Food packaging is the number one source of nutrition information for Canadians. The new nutritional labeling regulations, which come into effect by December 12, 2005, will require changes to product labels for most packaged foods. Consumers will see standard information about calories and 13 key nutrients, but may not understand what it all means. Health Check is encouraging manufacturers to add the symbol to those products that fit the program’s nutrient criteria when the new Nutrition Facts table is being introduced. While the new label will tell consumers what’s in the food, the Health Check symbol and the explanatory message will highlight a product’s nutritional benefits and tell them why it is a healthy choice. According to a report on Food Information Programs published in the Canadian Journal of Dietary Practice and Research (summer 2002), information logos are three times more popular than detailed nutrition information for helping to select between food products. The Health Check symbol reassures consumers that they’ve made a healthy choice.

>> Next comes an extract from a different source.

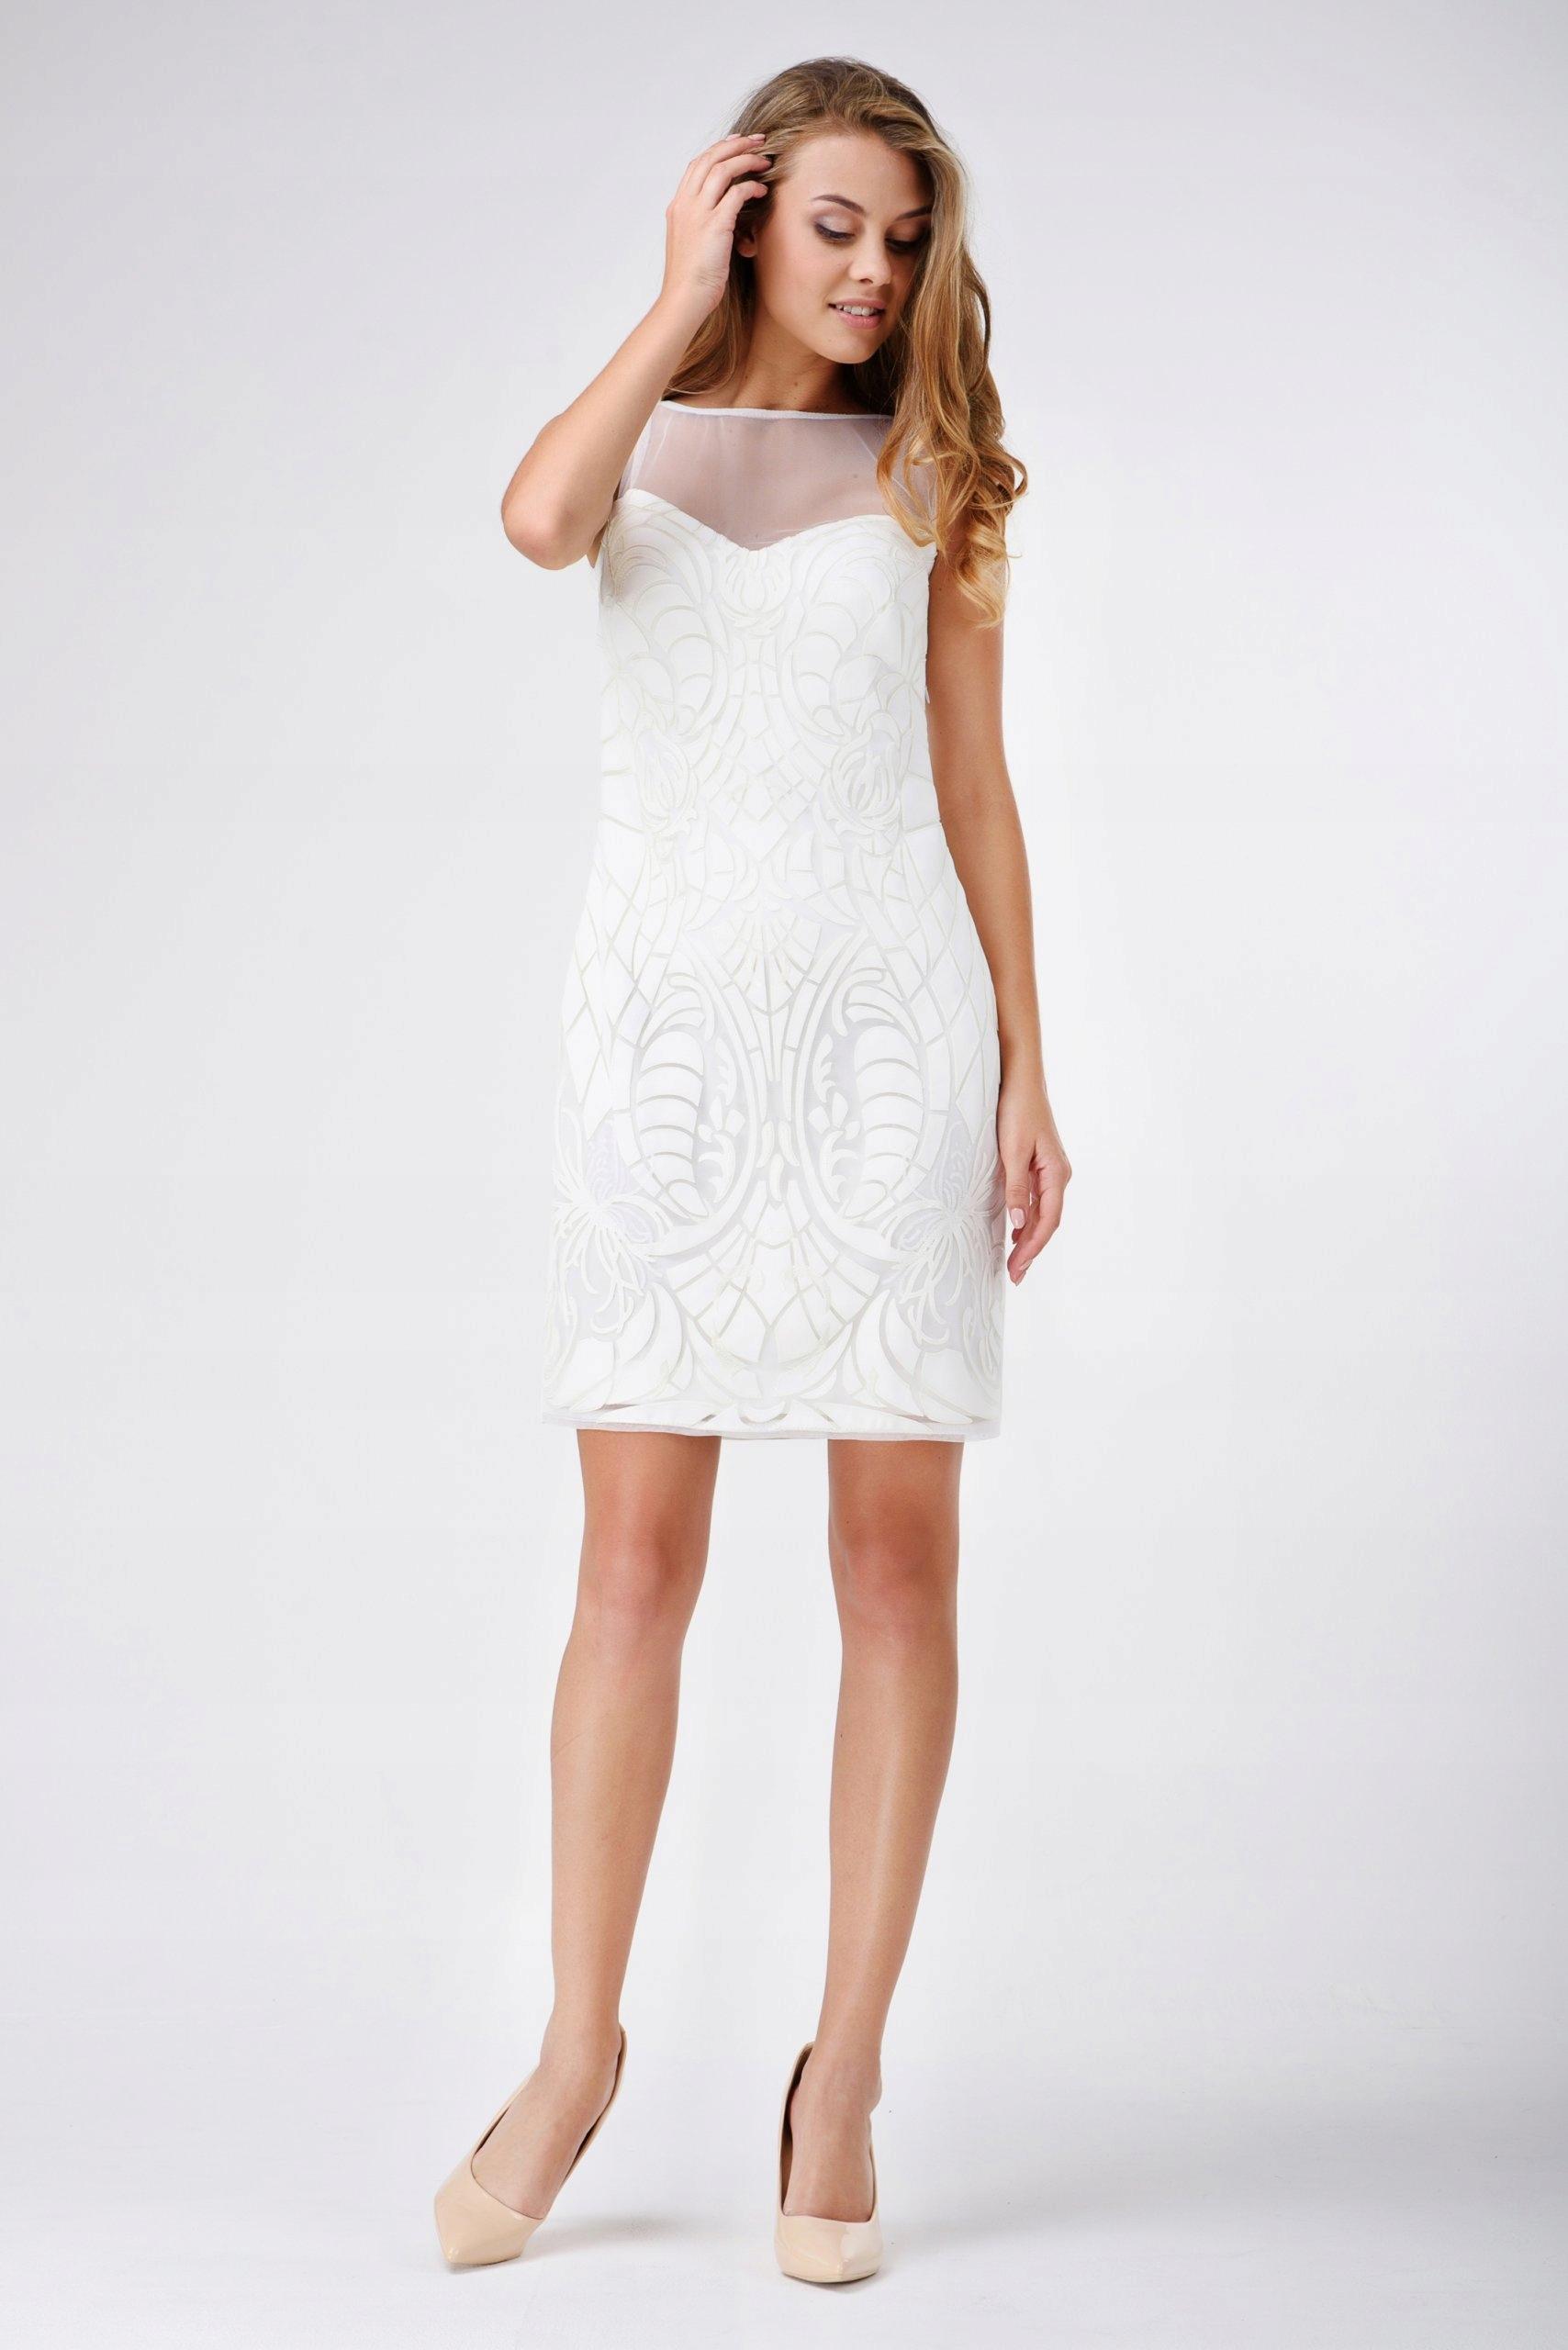 deba736075 Sukienki na wesele  letnie

Throughout January and early February, Health Check will be particularly visible in more than 2900 grocery stores with special signage at shelf level and in grocery carts. Health Check is a simple tool that cuts through the clutter and helps consumers navigate the grocery store for healthy choices – throughout the year.

For information about the Health Check program, contact:
 
Danielle Côté at (613) 737-9432 
dfcote@bkthealth.com

Check these numbers!
Health Check conducts market research to gauge consumer awareness and understanding of the Health Check program and to measure how well the program is performing. Here are some recent findings:

  • 6 in 10 grocery shoppers are aware of Health Check.*
  • Of those aware of Health Check, almost two-thirds of shoppers have seen the logo on food packaging.*
  • 8 in 10 consumers say they can trust Health Check because it comes from the Heart and Stroke Foundation of Canada.**
  • 68% of respondents agree with the statement: “I can rely on Health Check to help me make healthy food choices.”**
  • 64% of those surveyed by Ipsos-Reid indicate they are more likely to purchase a food or beverage from a grocery store if it bears the Health Check logo.***

*Lynn Plunkett and Associates, NFO CFGroup, February 2004.
**Lynn Plunkett and Associates, NFO CFGroup, June 2003.
***Ipsos-Reid Obesity poll. September 2003.